Could you provide a reproduction script? That’s a very odd issue and potentially bug.

I also noticed you have a ServeController.listen_for_changes() actor running at a significant CPU utilization, maybe that could be related since Serve does monitor the cluster state through the GCS.

1 Like

Yes, this is really wired. Btw, how many nodes are there in your cluster? Could you also run ray status to show some cluster information?

Thanks @yic and @ericl

Unfortunately, I can’t reproduce it in a reasonable small example. And in fact, I only saw this from our test environments. I tried setting up a k8s cluster by rancher and provided similar workload, but can’t reproduce the issue.

Here’s the result of ray status I just run from my head node. At this point, there’s no active work going on, and there’s 100 workers being brought up 20 min earlier (still standing by).

It seems that gcs_server high cpu utilization is proportional to the number of workers.

One more thing to mention is that our head node resource configuration (cpu & memory) is just like the worker, which might not be sufficient? What’s the recommended config for head?

You might want to give the head some more resources, but GCS shouldn’t use 100% CPU either way. I think to diagnose we need one of two things then:

  1. The stack trace of the ServerContr actor, you can get this by running the ray stack command on the head node, or
  2. Some sampled stack traces from the gcs_server binary: Profiling for Ray Developers — Ray 3.0.0.dev0

100 workers

Btw, when you say 100 cores, do you mean each node (“worker” here) has 1 core? Generally we recommend allocating as large a node as possible (e.g., 32 cores per node). This is since each node adds scheduilng overhead.

Here’s the ray stack result after 100 tasks finish:


Regarding to cores, I mean ‘worker’ and in our cluster, each node has many cores.

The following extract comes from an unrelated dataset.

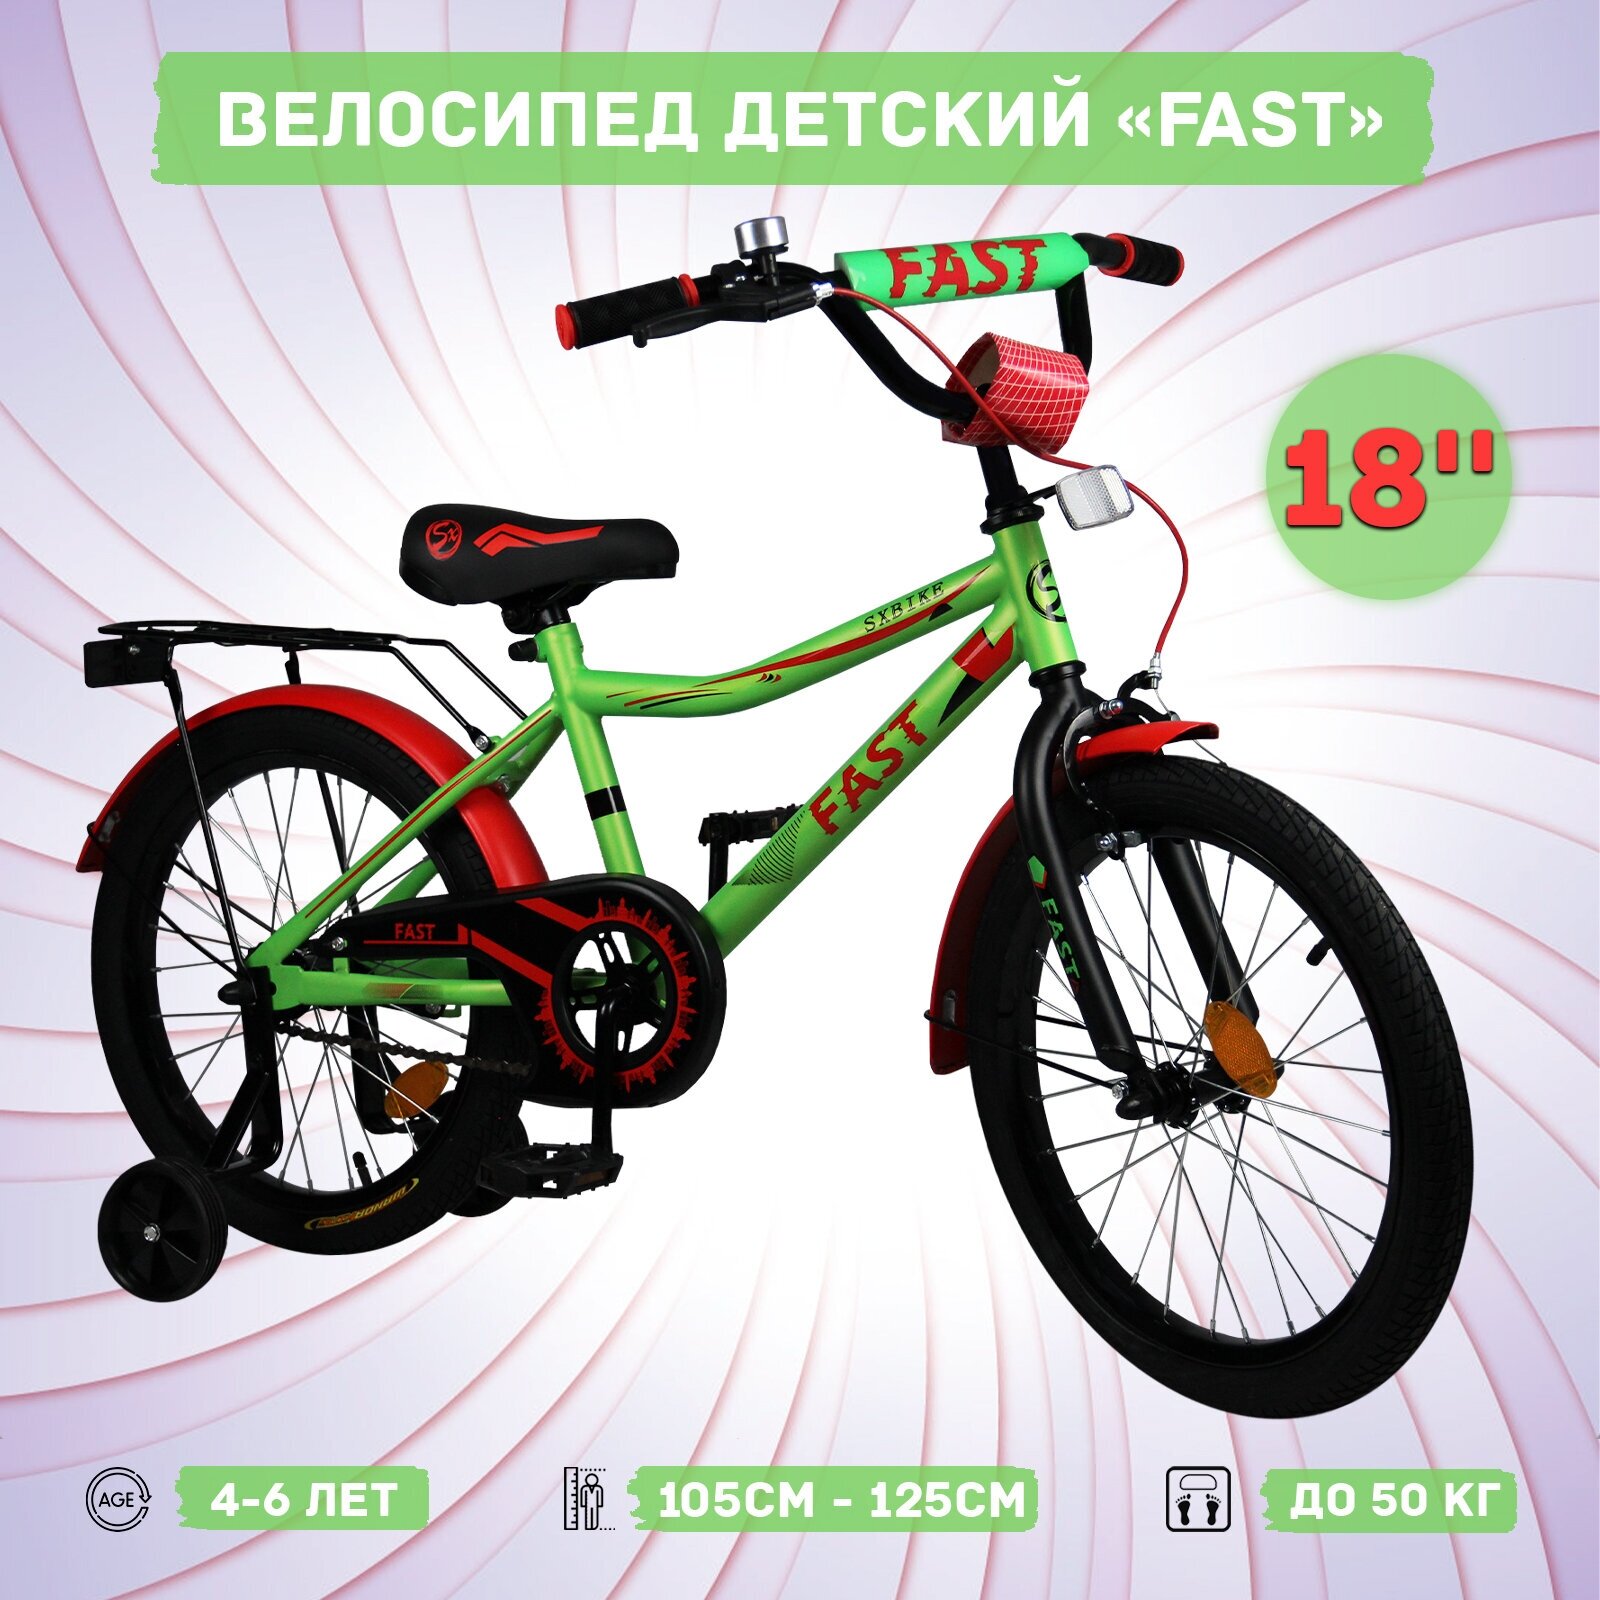 Велосипед детский Sx Bike Fast 18", зелено-красный

At the same time, I’m trying profiling the gcs_server and will report back later.

Thanks Eric

Eric, here are logs from gcs_server, serve, and dashboard when their cpu load is low and high. I upload those files into a github repo:

Hmm, the main suspicious stack I see from high_cpu_gcs_server.log is

#12 0x0000563d386d2f0f in ray::gcs::GcsResourceManager::HandleGetResources(ray::rpc::GetResourcesRequest const&, ray::rpc::GetResourcesReply*, std::function<void (ray::Status, std::function<void ()>, std::function<void ()>)>) ()
#13 0x0000563d3861647c in std::_Function_handler<void (), ray::rpc::ServerCallImpl<ray::rpc::NodeResourceInfoGcsServiceHandler, ray::rpc::GetResourcesRequest, ray::rpc::GetResourcesReply>::HandleRequest()::{lambda()#1}>::_M_invoke(std::_Any_data const&) ()

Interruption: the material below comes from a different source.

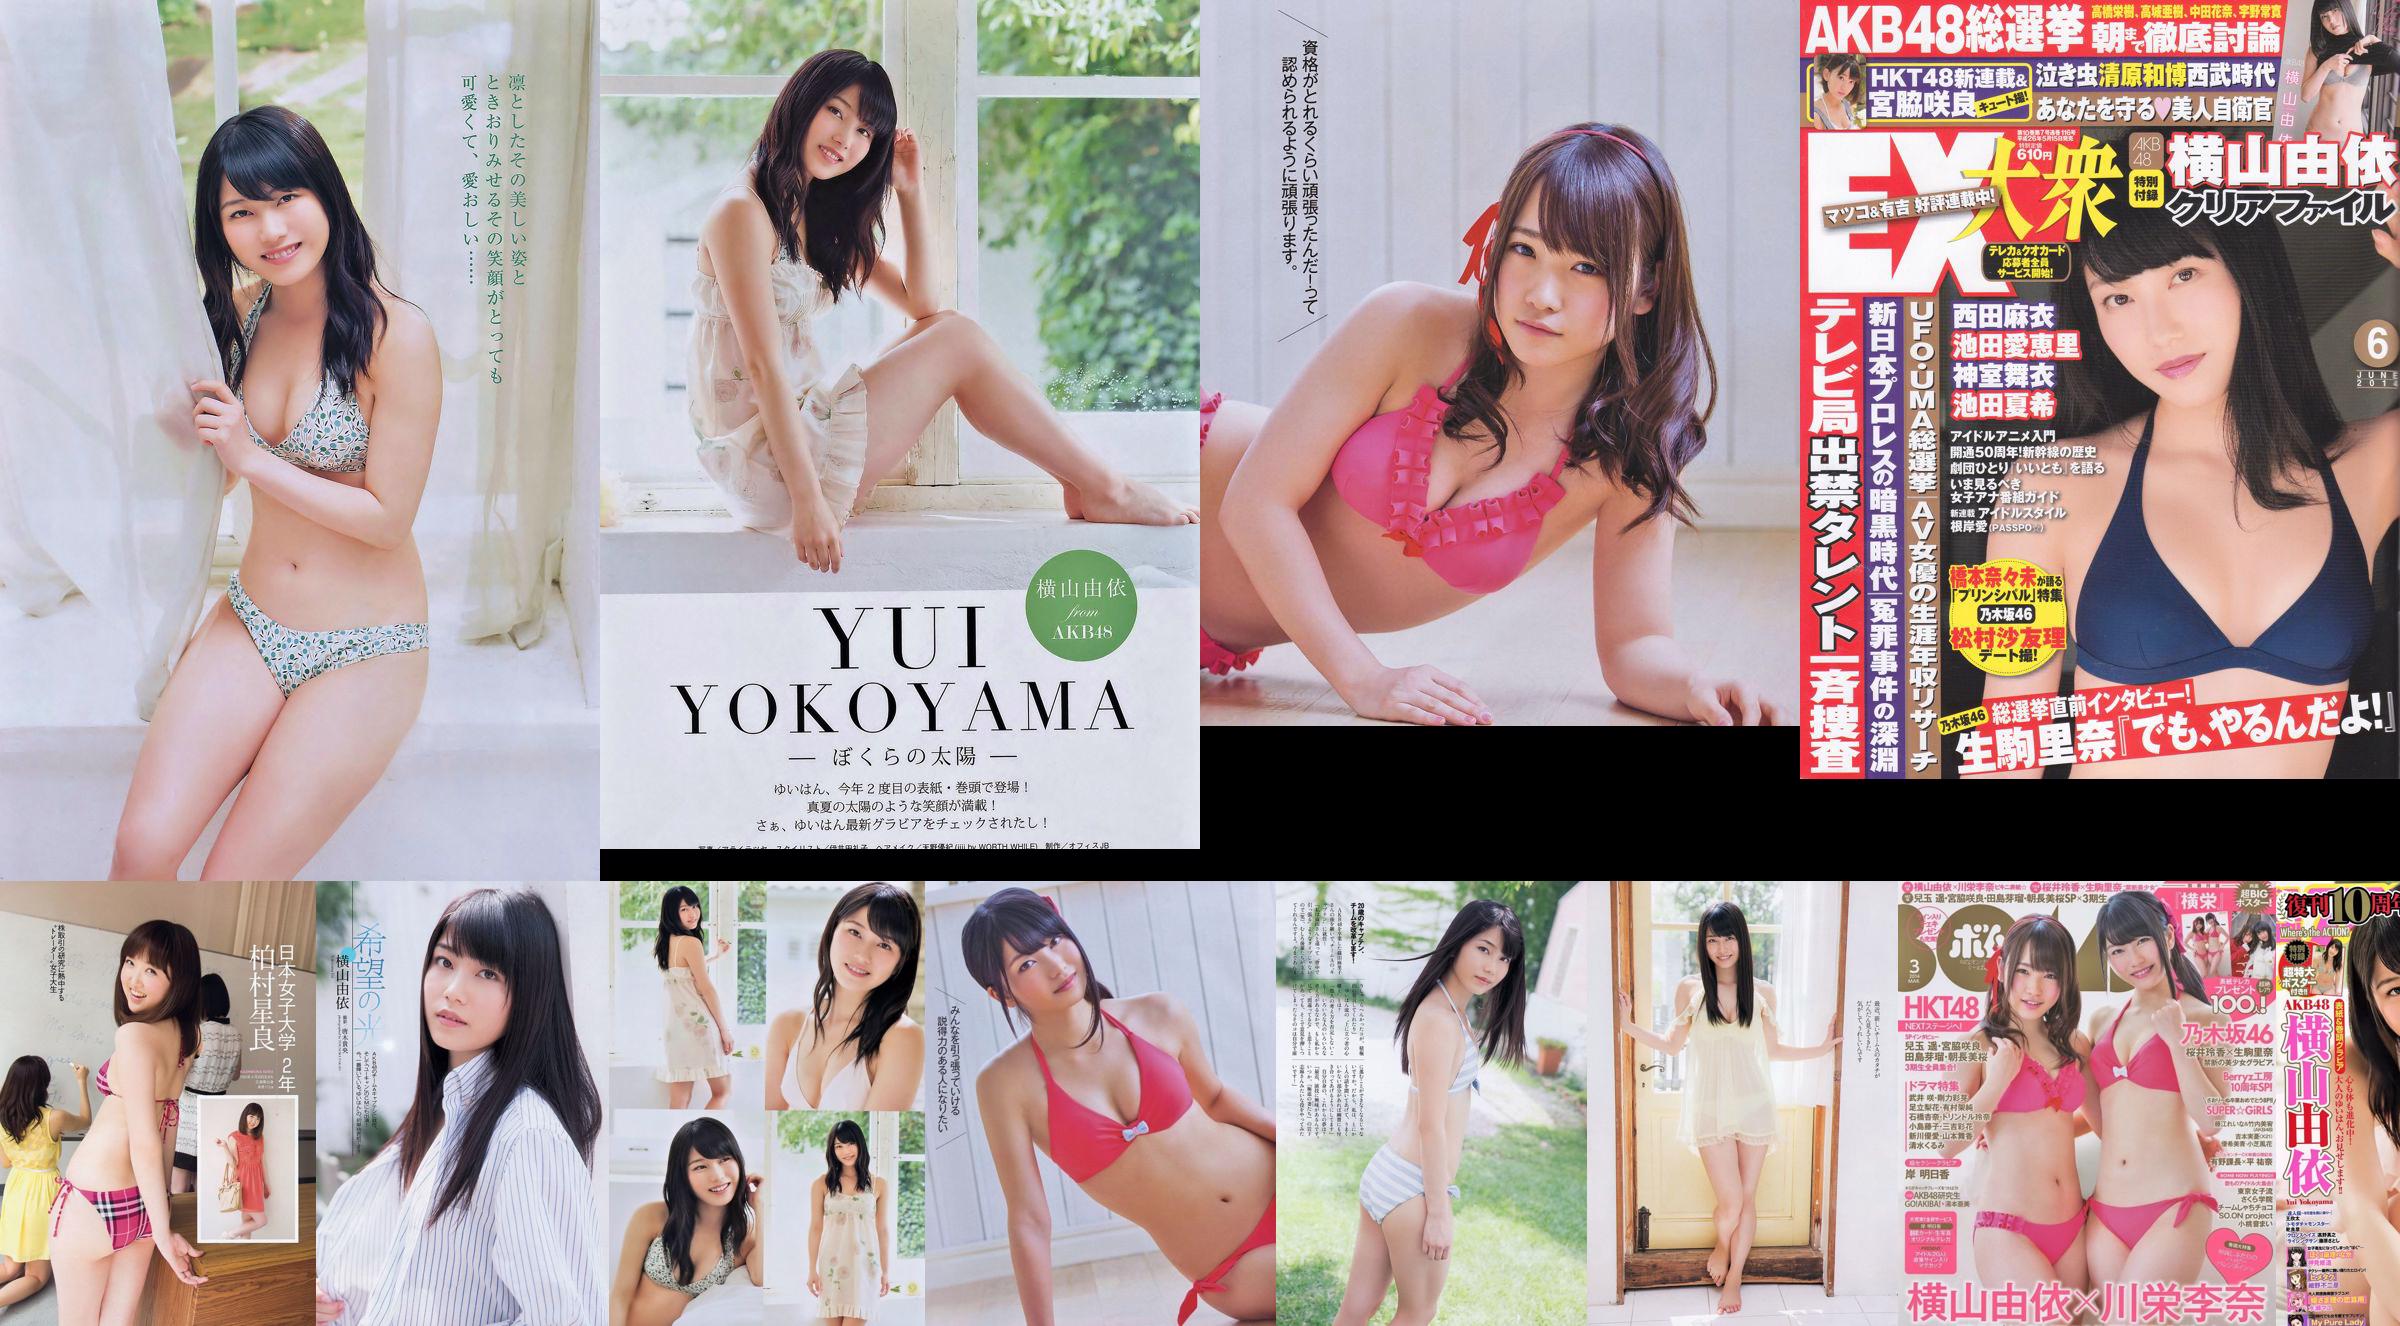 [EX Taishu] Yokoyama Yui, Miyawaki Sakura, Matsumura Sa Yuri 2014 No.06 Photo Magazine No.080d93 Pagina 16

Is this the only one that shows up when you take a stack sample? If so, then maybe it could be the ServeController polling resources, though I couldn’t confirm this based on the stack trace.

@simon-mo @eoakes on a 100-node cluster, would it be expected that ServeController could cause a lot of GCS load polling cluster status or something?

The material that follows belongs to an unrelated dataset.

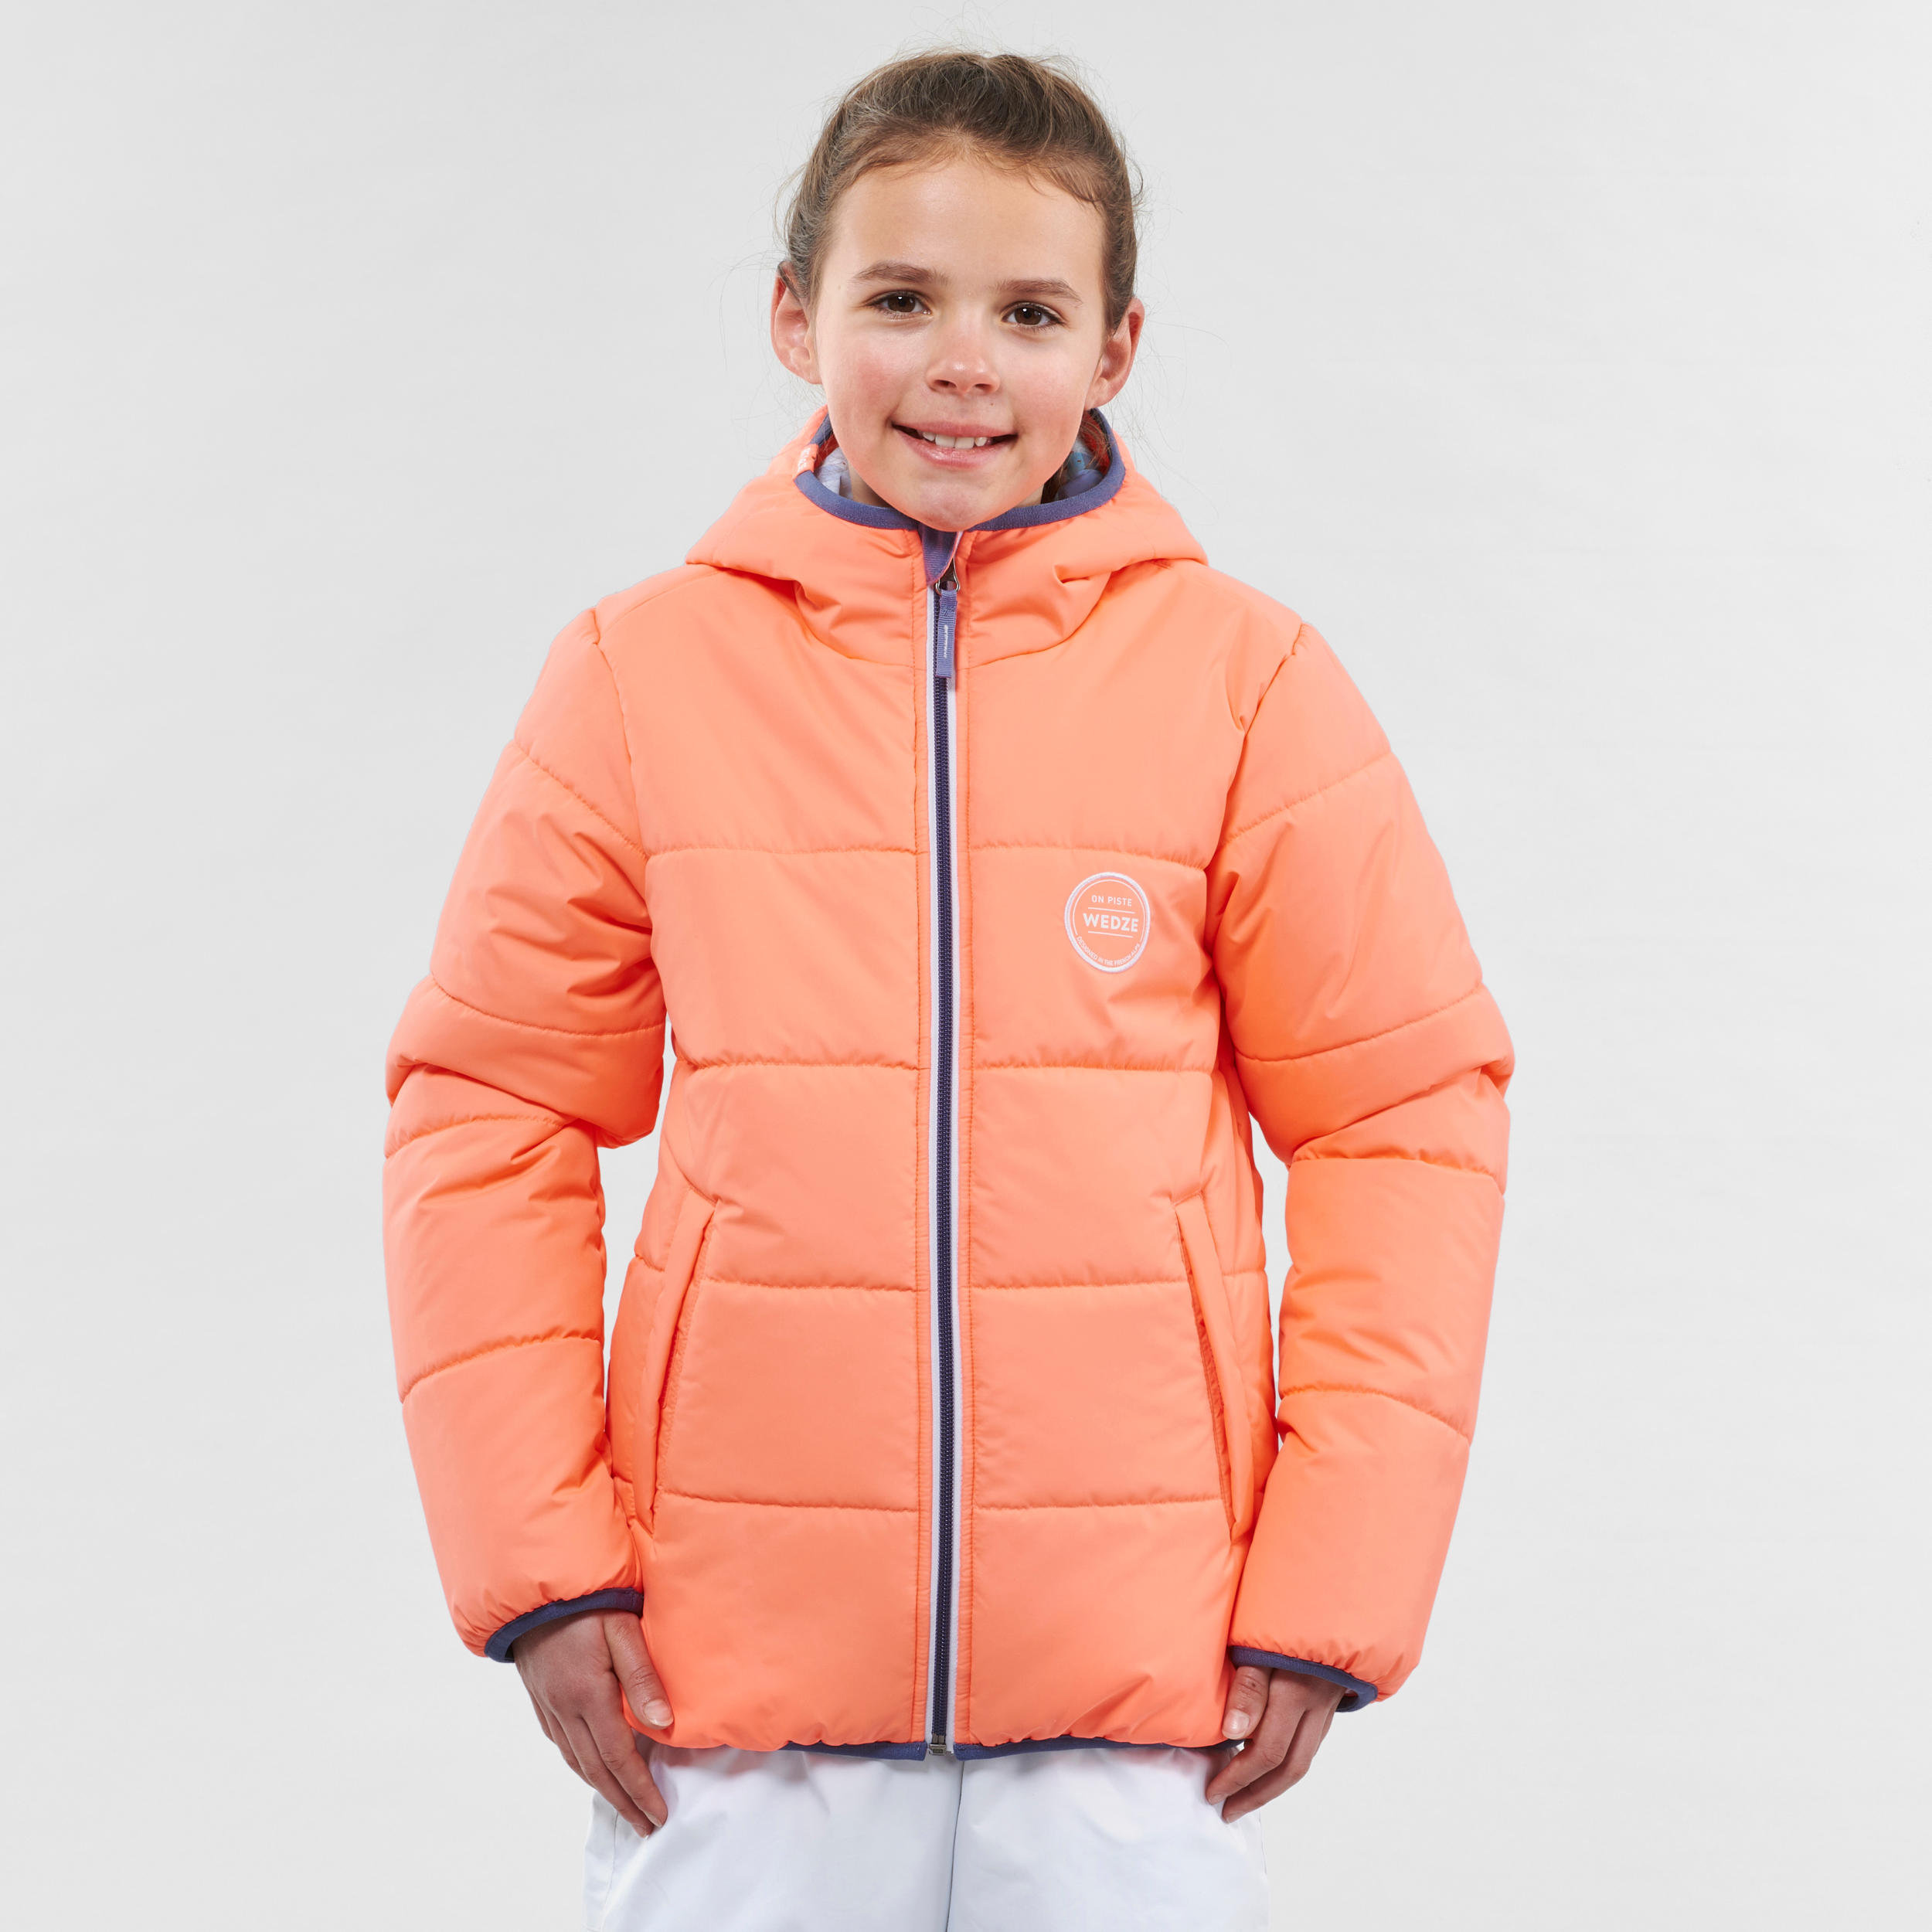 เสื้อแจ็คเก็ตแบบใส่ได้สองด้านสำหรับเด็กใส่เล่นสกีกันหนาวรุ่น 100 (สีส้ม CORAL/ฟ้า) สกี/สโนว์บอร์ด สกี เสื้อแจ็คเก็ต เสื้อผ้าเด็ก

Ah yes! There’s a call to ray.state.node_ids() every 0.1s right now. Looks very likely to be the root cause.

I would recommend sending a PR to make the constant an env var to start with so they can be configured.

It is indeed the only that shows up.

Great, I will send a PR later.

One more question: is there any side-effect if I increase this number, say to 1 sec?

Thanks,
-BS

hi @simon-mo @ericl , I give it a try by increasing CONTROL_LOOP_PERIOD_S. It indeed helps reduce the cpu utilization of ServeContr. For example, when I set CONTROL_LOOP_PERIOD_S to 1, ServeContr only takes less than 10% of cpu when there’s 100 worker running. However, it doesn’t help much on gcs_server, in which case gcs_server’s cpu consumption is still around 60%-70%. Is it expected? In addition, it still takes similar amount of time (about 90 seconds) to distribute 100 tasks to 100 workers as before.

Regarding to cores, I mean ‘worker’ and in our cluster, each node has many cores.

I think there is a misconfiguration here. Each worker node in Ray should be configured with many cores. So ideally in your cluster status you see something like “4 workers”, and each worker has 16-32+ CPUs each. Assigning 1 core per worker node is an extremely inefficient / usual configuration for Ray since it basically flattens the two level scheduling into a single level.

1 Like

Aha, that makes sense, thanks Eric. And confirmed it’s solved both gcs_server and task scheduling issue.